堀田さん:自衛官としてのキャリアは、防衛大学校入校(以降”防大”)からスタートしました。
入校理由は、一般の防大受験者からすると少しズレており、『人の知れない事をたくさん知っている研究者になりたかった』からです。
地元の国立大学と、防大に合格した後、『国の管轄(防衛省)で研究できれば、人の知れないことをたくさん知れそうだな~』と考えた結果、防大を選択しました。
在学時に、陸上自衛隊化学科に配属されると、研究開発分野を経験しやすいことや、オランダのOPCW(化学兵器禁止機関)派遣、オランダ駐在武官のキャリアを歩めること等を知り、その特殊性に魅かれ、化学科を希望しました。
在職時の職務内容は、ざっくりいうと、上司、または県庁、市役所等の公的機関から、「こんなこと(実働訓練、防災訓練など)やりたいんだよね~」という構想受領したら、組織のリソース(主に ヒト、モノ)を使って「どうやって実現するか」考え、その訓練の起案~計画~調整~実行までを担当する。というイメージです。

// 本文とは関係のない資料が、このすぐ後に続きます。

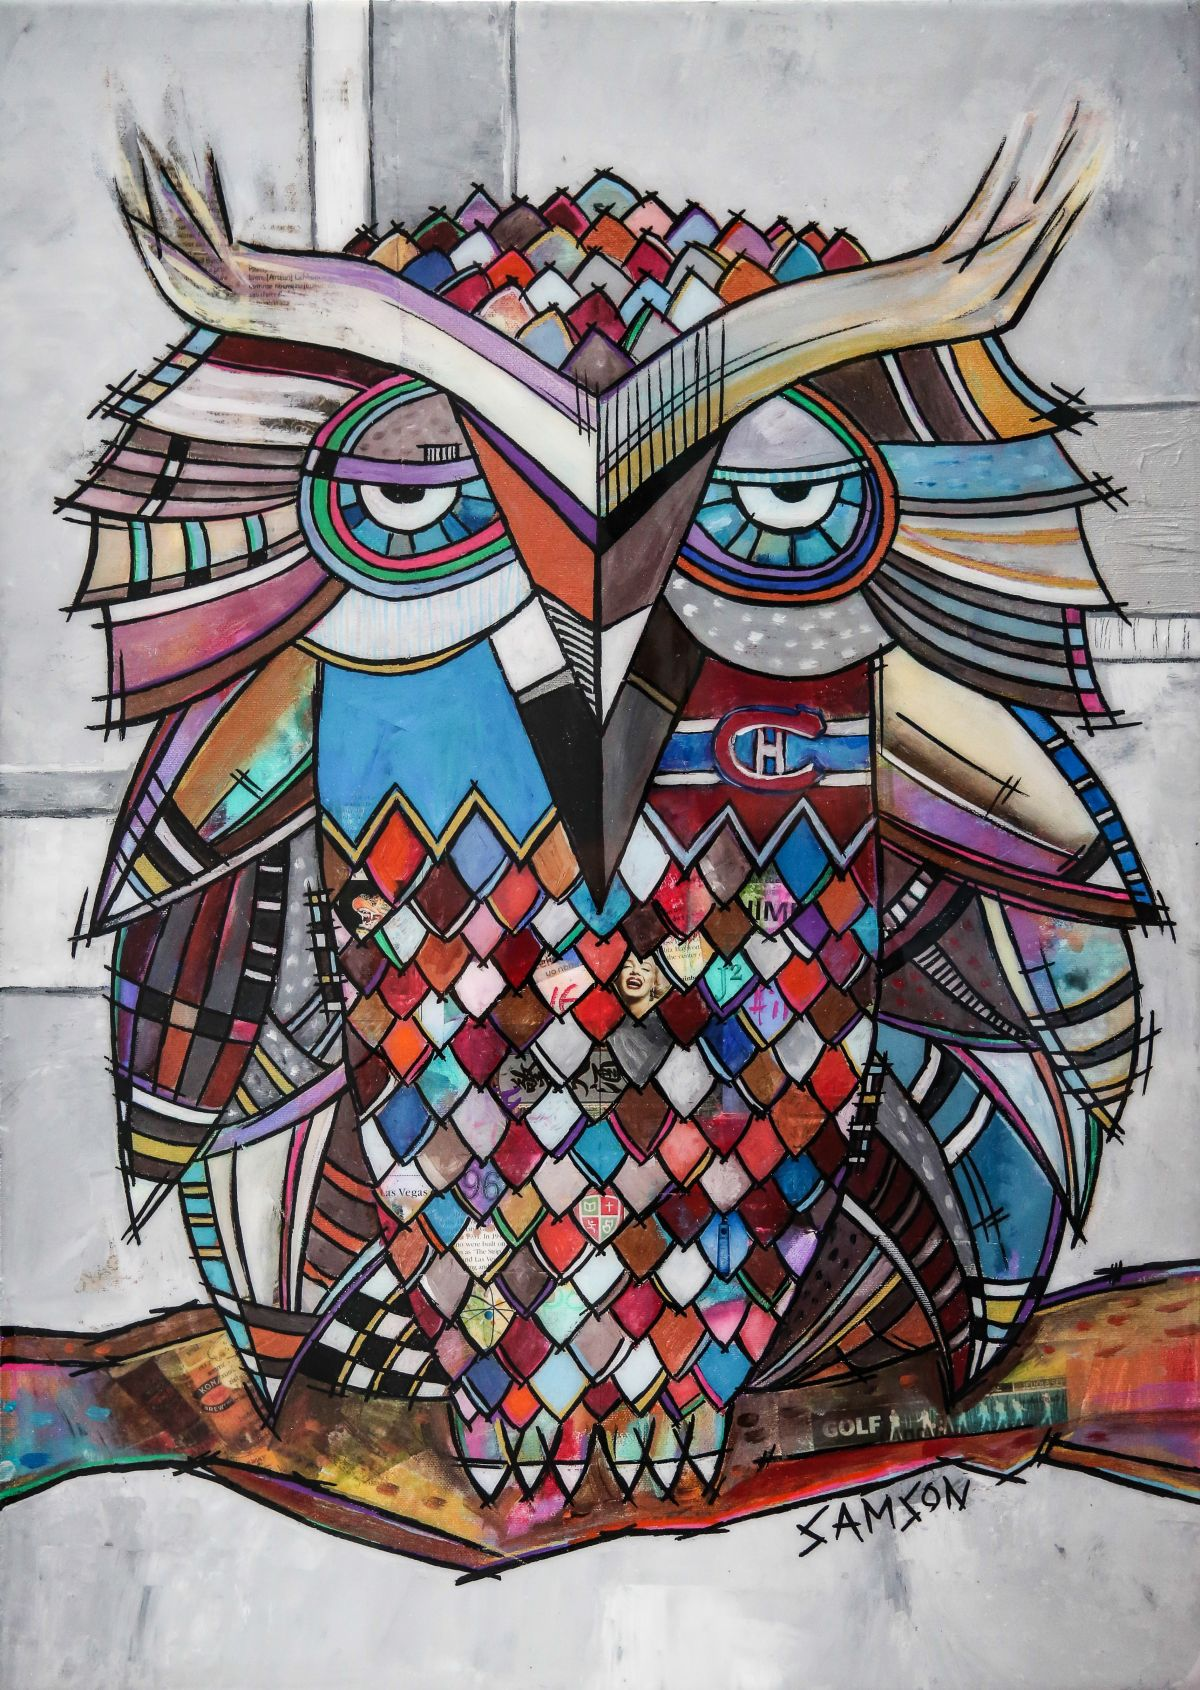 Bien connu Owl Art: Paintings & Artwork on canvas by Marc Samson. EM96

そうした日頃の訓練を担当しているからこそ、自分の小隊、組織の能力「我々は何ができるのか」が把握できています。
だから、災害派遣等の有事発生時(実任務)においても、やることは同じで、「こんなことを、いつまでにやらなきゃいけない」という有事対応に対し、「じゃあ、どうする」を考え、現場のリソースを使って構想を具現化できる。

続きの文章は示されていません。